Electrochemical cells based on multivalent ions such as magnesium and zinc are also on JCESR’s agenda, although multivalent-ion research is still embryonic. The National Research Council report Transitions to Alternative Vehicles and Fuels, released in March, notes that advanced battery concepts “face serious technical challenges” but encourages continued funding for such R&D. New approaches are needed for a research field that has only made incremental advances in the past decade, says Abruña, director of the Energy Materials Center at Cornell University. “Following the path we’ve been on, it’s unlikely that we will get where we need to be.”
A galvanizing force
Whether JCESR succeeds or fails in meeting its ambitious five-year goal, Srinivasan says he expects the hub to become “a galvanizing force in battery science.” For example, JCESR held a battery science and characterization workshop at LBNL in May, after Physics Today went to press.
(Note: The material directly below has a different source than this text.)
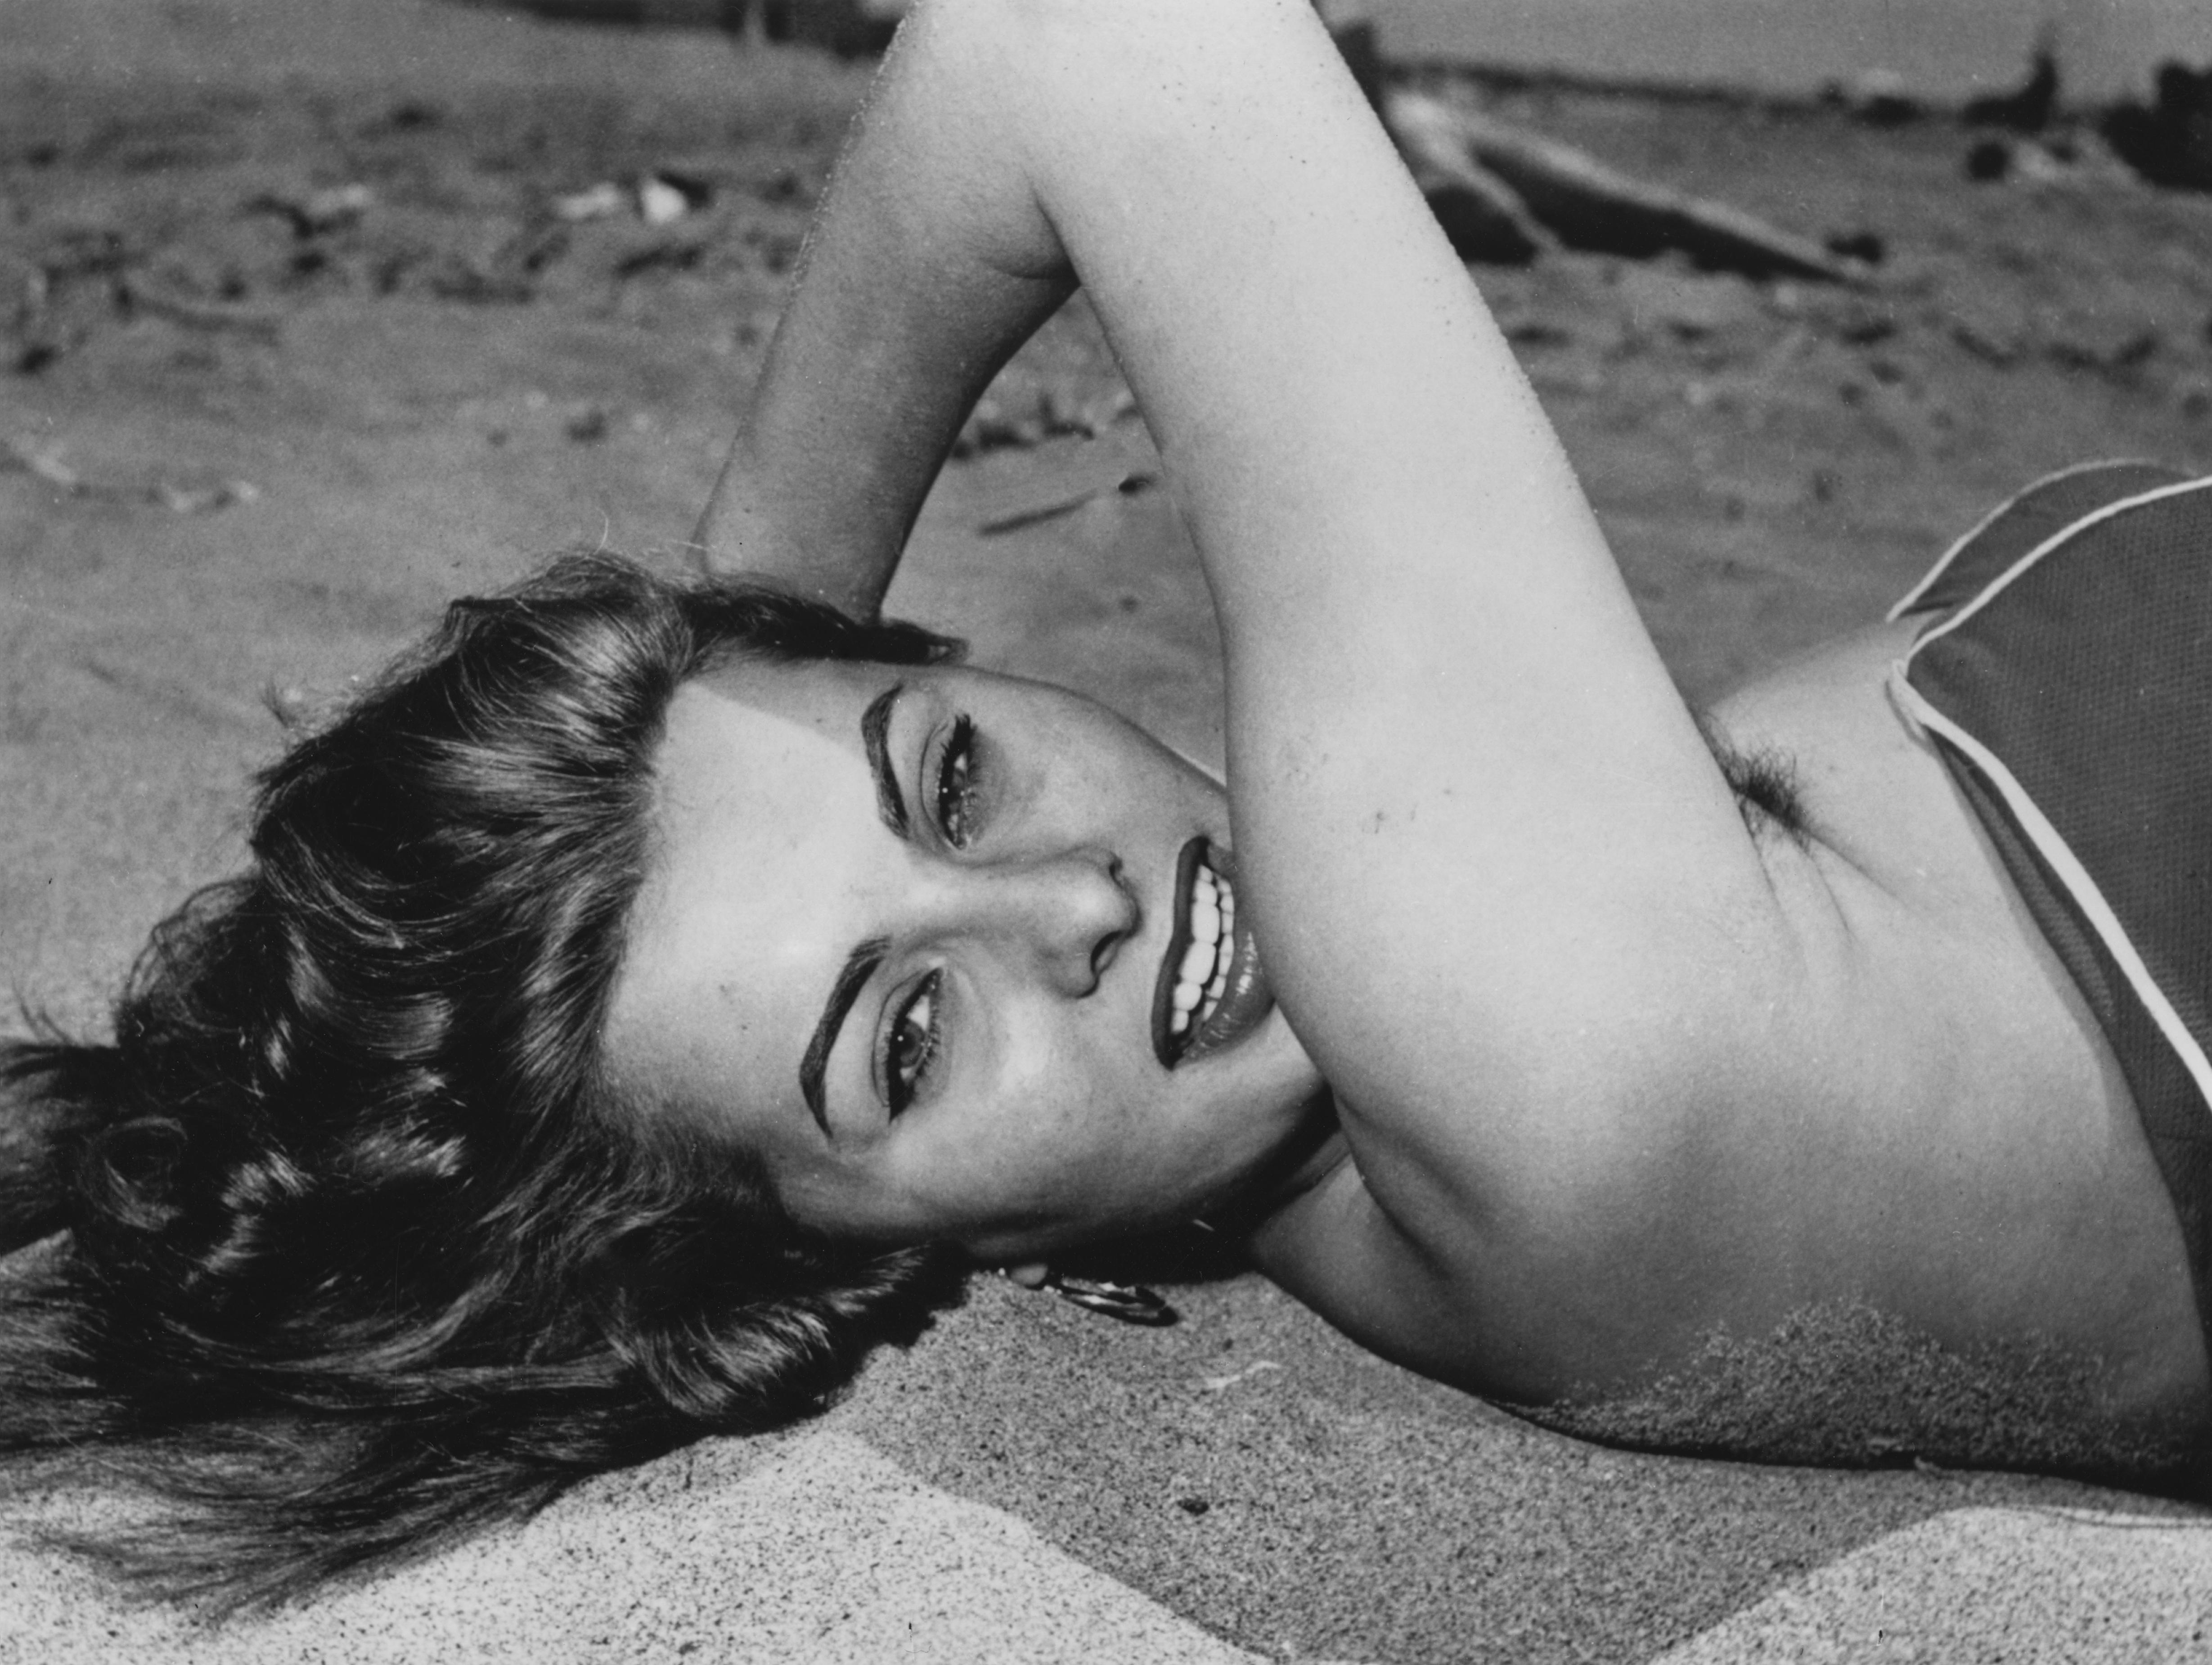 София Лорен, 1954

Approximately 50 scientists were invited from the battery research and manufacturing communities, DOE’s x-ray and neutron-source user facility community, and the electron microscopy and NMR communities.
The JCESR hub joins a host of other DOE-funded programs that provide the technology push for the Obama administration’s longer-term “EV Everywhere” initiative to make EVs cost competitive with gasoline-powered vehicles by 2022. At the basic research end are DOE’s battery-related Energy Frontier Research Centers; at the applied end are high-risk battery R&D projects funded by the Advanced Research Projects Agency–Energy.
In his fiscal year 2014 budget (see the report
“The government is throwing a huge chunk of money at a big problem,” says University of Texas at Austin solid-state physicist John Goodenough, who received the 2011 National Medal of Science for his contributions to the development of the first commercial Li-ion batteries. “People are working hard, and I believe the problem is solvable,” Goodenough says, “but to get to the next stage, it’s going to take a little luck and some cleverness.”
US Department of Energy Energy Innovation Hubs (Lead Partner)
‣ Energy-Efficient Buildings Hub (Pennsylvania State University)
‣ Consortium for Advanced Simulation of Light Water Reactors (Oak Ridge National Laboratory)
‣ Joint Center for Artificial Photosynthesis (Caltech)
‣ Joint Center for Energy Storage Research (Argonne National Laboratory)
‣ Critical Materials Institute (Ames Laboratory)

Materials scientist Swati V. Pol at Argonne National Laboratory loads a lithium-ion battery into a low-energy-resolution inelastic x-ray system at the lab’s Advanced Photon Source facility. Such multielement analytical tools will help researchers in the Joint Center for Energy Storage Research observe the material properties and processes that contribute to or limit battery performance.